Insiden ini ditetapkan sebagai Kejadian Luar Biasa (KLB) pertama terkait program MBG di Sumatera Barat. Pemerintah Kabupaten Agam langsung mengambil langkah cepat guna mengantisipasi meluasnya dampak kasus.
Bupati Agam, Ir. H. Benni Warlis, MM, Dt. Tan Batuah, melalui keterangan resmi menyatakan bahwa seluruh proses perizinan bagi penyedia makanan harus diperketat. Ia menegaskan tidak ada kompromi bagi usaha atau penyelenggara yang tidak memiliki izin resmi.

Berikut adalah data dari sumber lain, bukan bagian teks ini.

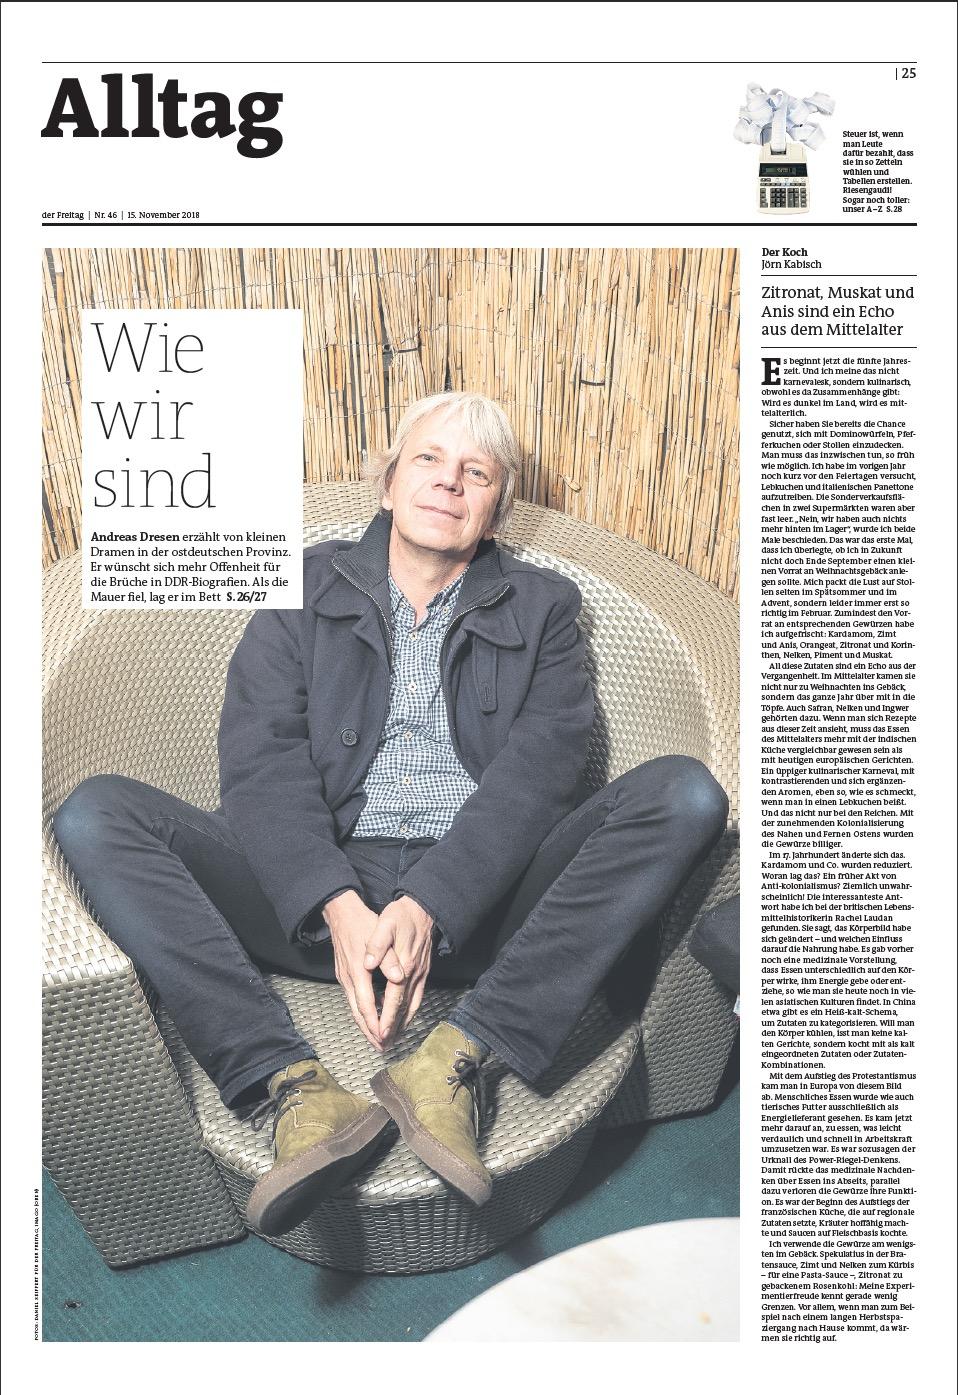 Andreas Dresen - Portrait um 11.58.53.jpg

“Semua penyedia wajib memenuhi ketentuan perizinan. Kalau ada yang beroperasi tanpa izin, otomatis akan kita hentikan. Kita tidak bisa main-main dalam melindungi kesehatan masyarakat,” tegasnya.
Sebagai bagian dari penanganan darurat, Pemkab Agam menetapkan Puskesmas Manggopoh sebagai Posko KLB. Warga yang mengalami gejala diminta segera mendapatkan pertolongan medis di fasilitas kesehatan terdekat.
Bupati juga menegaskan, dengan adanya status KLB, seluruh biaya pengobatan para korban akan ditanggung oleh Pemerintah Daerah Agam. “Tidak ada yang dibebankan kepada korban maupun keluarganya. Ini menjadi tanggung jawab penuh pemerintah daerah,” jelasnya.
Sebelumnya, kasus ini mencuat pada Rabu sore ketika 34 siswa di wilayah Kampuang Tangah, Lubuk Basung, mengalami mual dan muntah usai menyantap nasi goreng dari program MBG. Kejadian tersebut langsung mengundang perhatian publik dan menjadi pembahasan luas di masyarakat.
Hingga kini, Diskominfo Agam masih terus melakukan pembaruan data terkait jumlah korban dan perkembangan penanganan. Informasi resmi dapat diakses melalui kanal komunikasi @diskominfo.agam sebagai sumber valid bagi masyarakat.(Ab)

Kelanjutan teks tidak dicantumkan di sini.